Pacific Biodiesel closes 18-year-old Maui-based prototype plant

By Pacific Biodiesel Technologies | April 07, 2014

America’s oldest biodiesel production plant has vacated the Central Maui Landfill. While continuing operations in the collection of used cooking oil and trap grease waste, Pacific Biodiesel has closed its prototype facility. Built in 1996, Pacific Biodiesel’s Maui plant has been widely recognized as a pioneer in America’s biodiesel industry and was the longest continually operating commercial biodiesel processing facility in the nation. The Maui operation has won awards from the Solid Waste Association of North American, the National Recycling Coalition and the United Nations Industrial Development Organization.

In December 2013, Pacific Biodiesel was notified by the Maui County Department of Environmental Management that continuing the current operation would require multiple permits and extensive upgrades to comply with new county requirements. Robert King, president and founder of the company, said, “With just over two years left on our contract, we couldn’t justify the costly site improvements that were required to meet the county’s demands.”

Pacific Biodiesel will continue its full range of pumping and collection services on Maui and Lanai as well as all its collection and processing operations on Oahu and Hawaii Island. Distribution of the company’s biodiesel fuel will continue statewide.

Prior to closing, the Puunene facility was providing preprocessing of waste oils for shipping to its state-of-the-art biodiesel refinery in Hilo. Now that the landfill facility has closed, the cooking oil collected on Maui will be transferred directly to Big Island Biodiesel. Grease trap waste will continue to be processed on Oahu and Hawaii Island.

“Needless to say, it was difficult to shut down the plant after all these years but we found ourselves with little recourse given the extent of the requirements to continue operations,” said King.  “We are committed to our community-based model and hope to return to Maui with our industry-leading technology in the future.”

In the meantime, Pacific Biodiesel will continue to collect Maui County’s waste oils and grease and distribute premium distilled biodiesel across the state. To date, the Maui-based company has diverted more than 22 million gallons of waste from the community’s landfill, greatly reduced the frequency of wastewater spills due to clogging by grease, and saved the county’s restaurants a lot of money.

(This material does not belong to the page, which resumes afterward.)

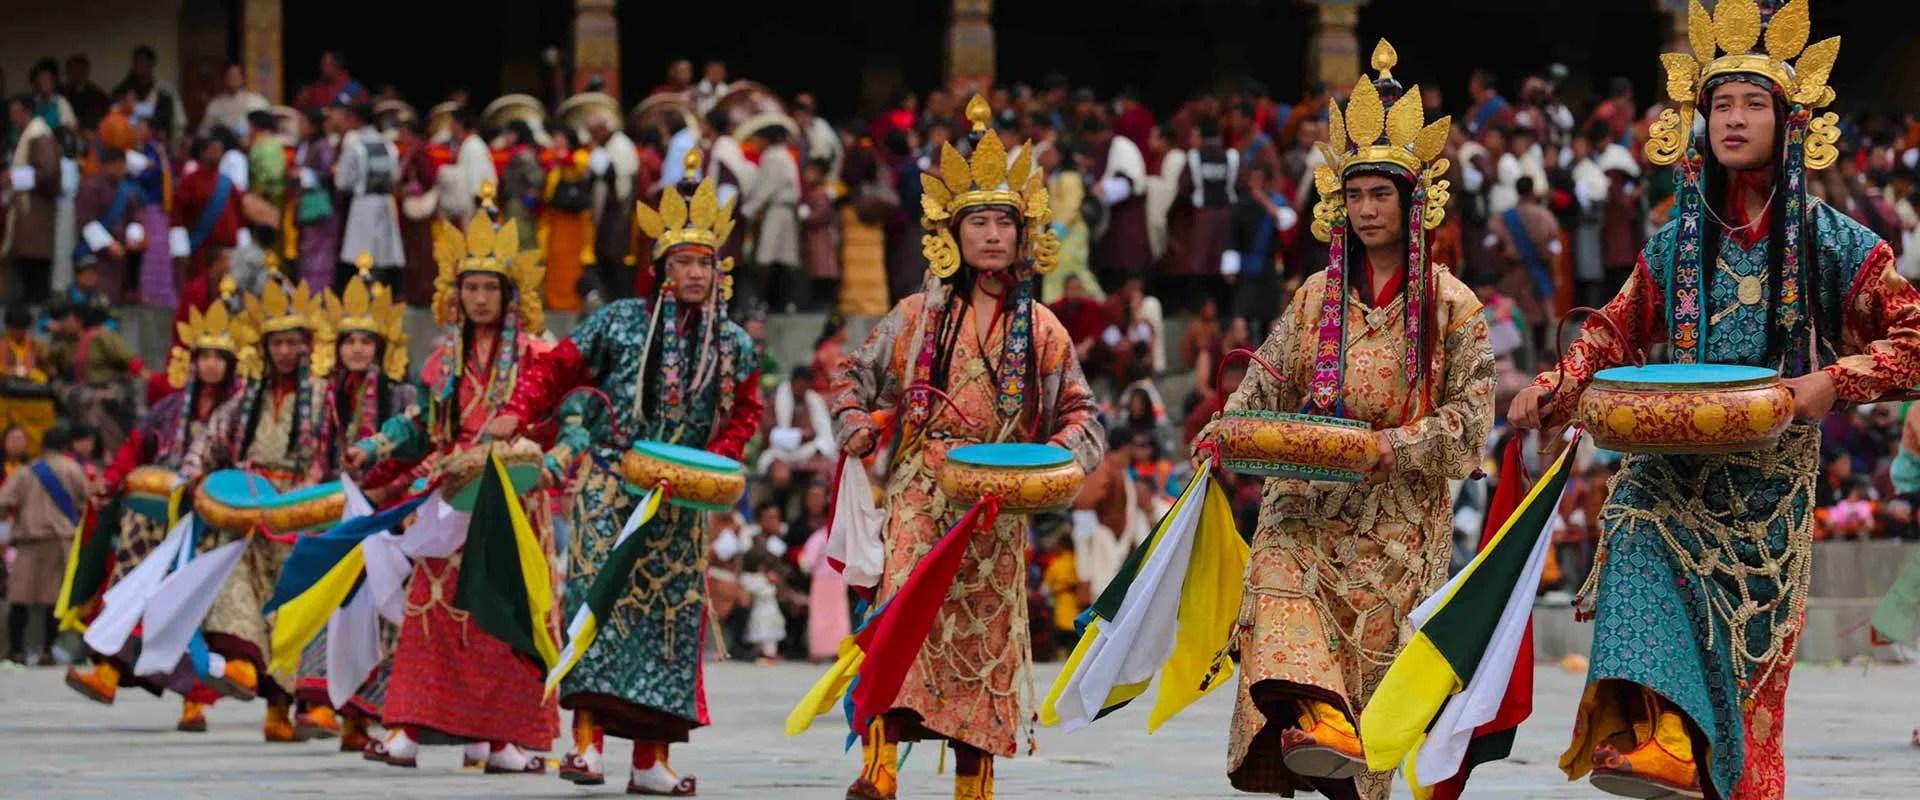 Chorten Kora Tshechu Bhutan festival tour

Retired Pacific Biodiesel Operations Manager Larry Zolezzi estimates the savings to Maui restaurants to be about $1 million, explaining, “The pumpers used to charge $1 per gallon to pick up and dispose of used cooking oil (UCO) and $2 per gallon for grease. As the first biodiesel company in the U.S., we changed the culture about what to do with UCO and now grease.” Since 2010, Pacific Biodiesel Logistics has been collecting UCO for free and offering restaurants reduced rates for grease trap service.


2 Responses

  1. Glenn Martin



    The technology exists to significantly reduce grease trap waste - The grease recovery device or GRD recovers the fats, oils, and grease from the 3-compartment sink and the automatic dishwasher simultaneously. The recovered grease is "Yellow Grease" which goes to making bio-diesel. A GRD would stop millions of pounds of grease trap waste or brown grease from going to landfill. It is estimated that every restaurant without a GRD contributes 300-400 pounds of landfill waste annually. How many restaurants in the USA and Canada? see

  2. peter brown



    Are we surprised? Permitting and grid connecting are the two reasons cited in California as to why renewable digesters are almost non-existent. The same applies to biodiesel and other renewables, add to that the lack of government commitment, such as $1.00 subsidy and the waffling on legislation it's a miracle anything gets produced. The worst thing about this is that compared to the alternatives of fracking and tar sands oil, biodiesel is benign feedstock spills can be resolved by using vinegar and a few spices.